Brief Review — DoubleU-Net: A Deep Convolutional Neural Network for Medical Image Segmentation
DoubleU-Net: A Deep Convolutional Neural Network for Medical Image Segmentation,
DoubleU-Net, by SimulaMet, UiT The Arctic University of Norway, and Oslo Metropolitan University
2020 CBMS, Over 300 Citations (Sik-Ho Tsang @ Medium)Biomedical Image Segmentation
2015 … 2022 [UNETR] [Half-UNet] [BUSIS] [RCA-IUNet] [Swin-Unet] 2023 [DCSAU-Net]
==== My Other Paper Readings Also Over Here ====
- DoubleU-Net is proposed, which is a combination of two U-Net architectures stacked on top of each other.

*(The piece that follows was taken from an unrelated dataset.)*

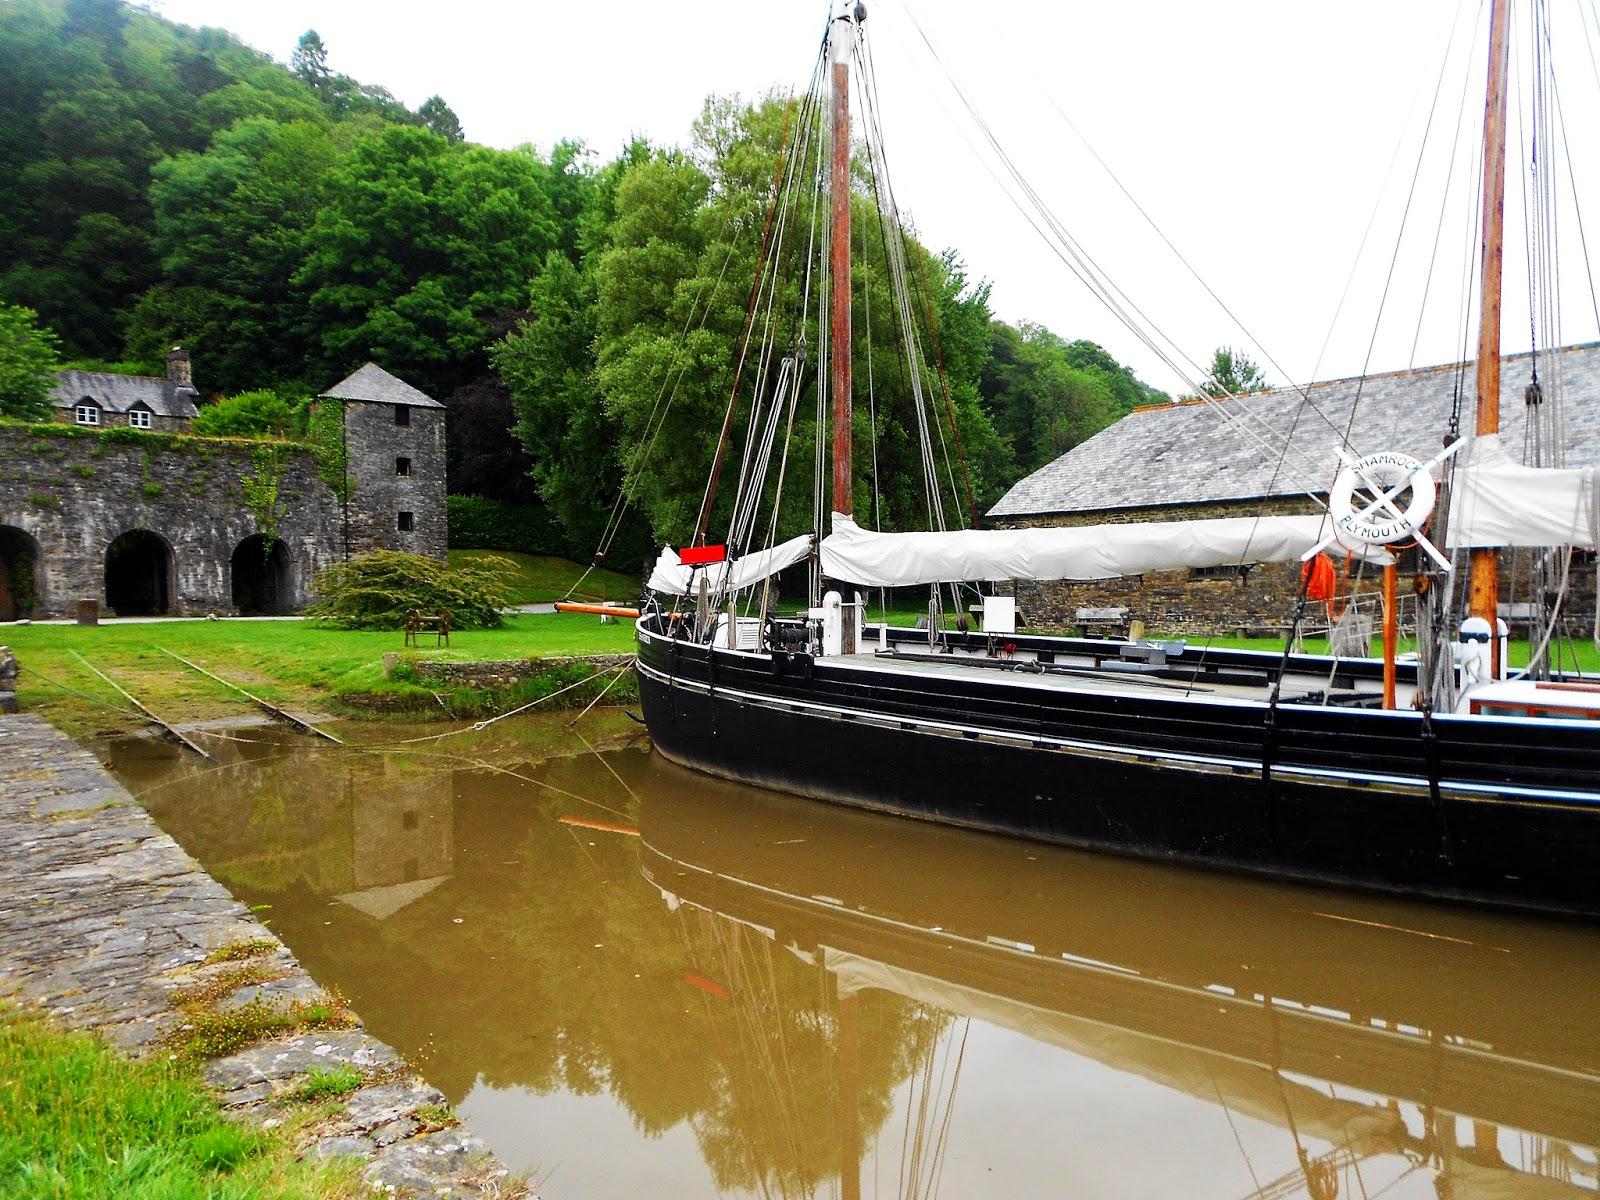 "alt=""shamrock tamar sailing barge at cotehele quay"""

- The first U-Net uses a pre-trained VGG-19 as the encoder, which has already learned features from ImageNet and can be transferred to another task easily. To capture more semantic information efficiently, another U-Net is added at the bottom.
- Atrous Spatial Pyramid Pooling (ASPP), as in DeepLabv3, and SE block, as in SENet, are adopted to capture contextual information within the network.
Outline
- DoubleU-Net
- Results
1. DoubleU-Net
1.1. Overall
- DoubleU-Net starts with a VGG-19 (Yellow) as encoder sub-network.

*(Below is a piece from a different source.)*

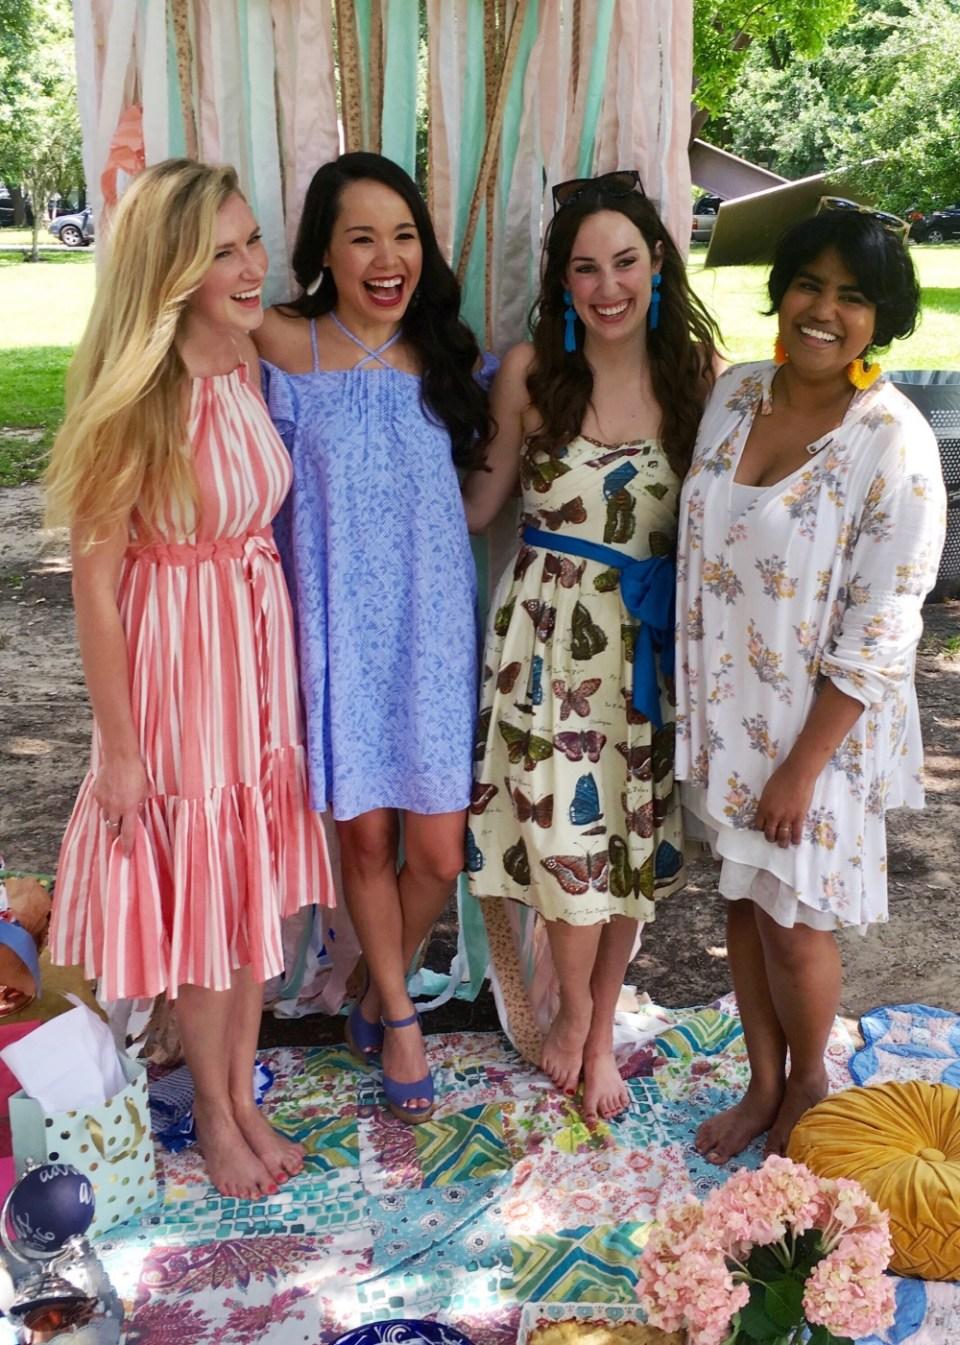 anthropologie butterfly dress, anthropologie picnic, picnic bridal shower, menil park picnic bridal shower

- Decoder block is marked in light green.
- ASPP (Blue), as in DeepLabv3 is used.
- The squeeze-and-excite block, as in SENet, is used in the encoder of NETWORK 1 and decoder blocks of NETWORK 1 and NETWORK 2.
- (In the paper, authors also do not mention too much about DeepLabv3 and SENet. If interested, please feel free to read about their stories.)

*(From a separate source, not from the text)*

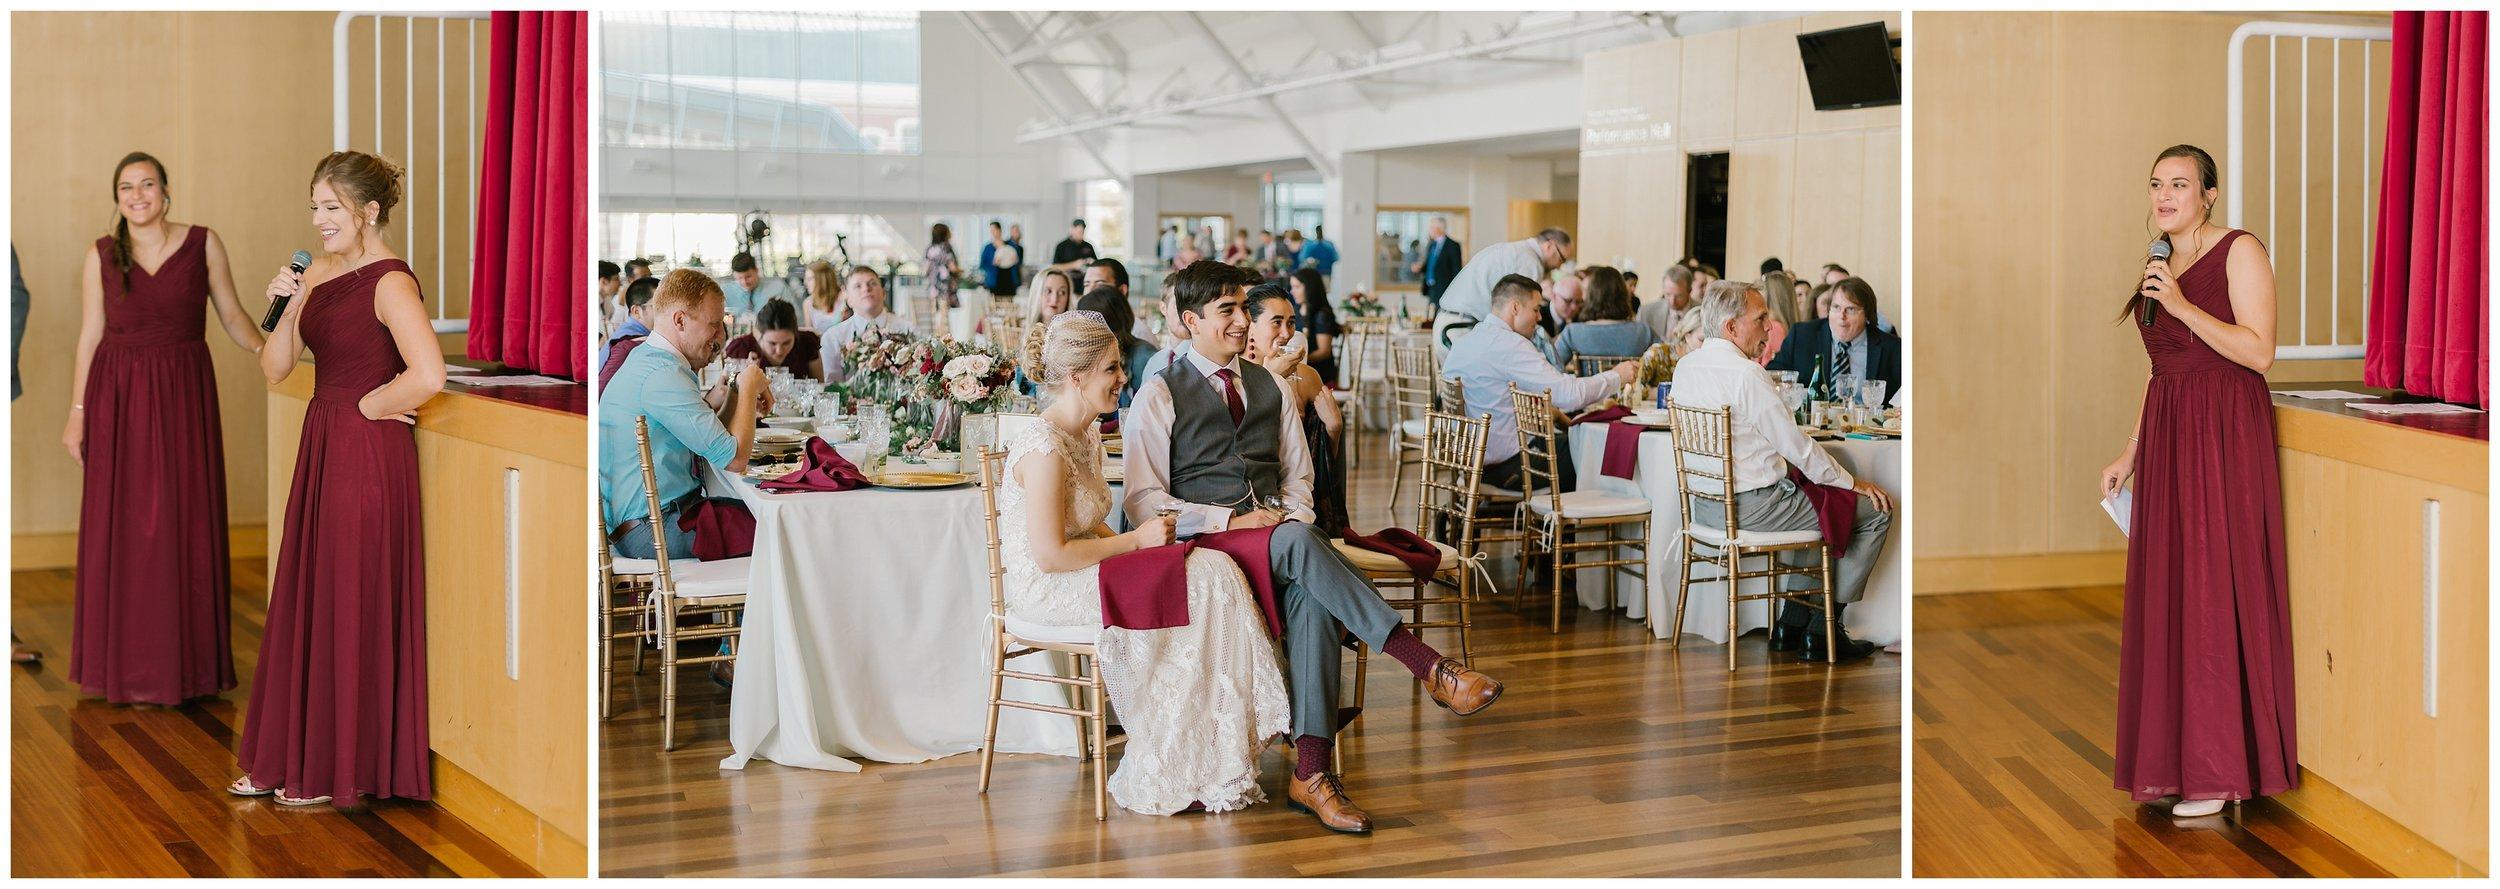 Rebecca_Shehorn_Photography_Indianapolis_Wedding_Photographer_7365.jpg

- In the NETWORK 1, the input image is fed to the modified U-Net, which generates a predicted mask (Output1).
- An element-wise multiplication is performed between the output of NETWORK 1 (Output1) with the input of the same network.
1.2. Encoder
- Each encoder block in the encoder2 performs two 3×3 convolution operation, each followed by a batch normalization. ReLU is used. After that, max-pooling is performed with a 2×2 window and stride 2 to reduce the spatial dimension of the feature maps.
1.3. Decoder
- Each decoder block performs a 2×2 bi-linear up-sampling on the input feature, which doubles the dimension of the input feature maps. The appropriate skip connections (ResNet) concatenate feature maps from the encoder to the output feature maps.
- In the second decoder, skip connections (ResNet) from both the encoders are used.
- Two 3×3 convolution operation, each of which is followed by batch normalization and then by a ReLU activation function. After that, a squeeze and excitation block is used.
1.4. Output
- At last, a convolution layer with a sigmoid is applied, which is used to generate the mask for the corresponding modified U-Net.
2. Results
2.1. Datasets
2.2. SOTA Comparisons
DoubleU-Net achieved a DSC of 0.7649 and a mIoU of 0.6255, outperforms the baseline (Mask R-CNN with ResNet-101) by 6.07% in terms of DSC and 1.31% in mIoU.
DoubleU-Net achieve a DSC of 0.9239 which is 3.91% higher than Conditional GAN in [34] and mIoU of 0.8611, which is 1.14% higher than MultiResUNet.
DoubleU-Net achieve a DSC of 0.8962 and mIoU of 0.8212, outperforms U-Net by an approximate margin of 5.7%, and MultiResUNet by an approximate margin of 1.83% in terms of mIoU on Lesion boundary segmentation challenge dataset from ISIC-2018.
DoubleU-Net produced a DSC of 0.9133, which is 1.59% higher than UNet++ [, and comparable mIoU with U-Net and UNet++ that uses ResNet-101 as the backbone model.
2.3. Comparisons with U-Net
DoubleUNet performs reasonably well as compared to U-Net for all the presented datasets.
2.4. Visualizations
The segmentation mask produced by Output2 is better than that of Output1.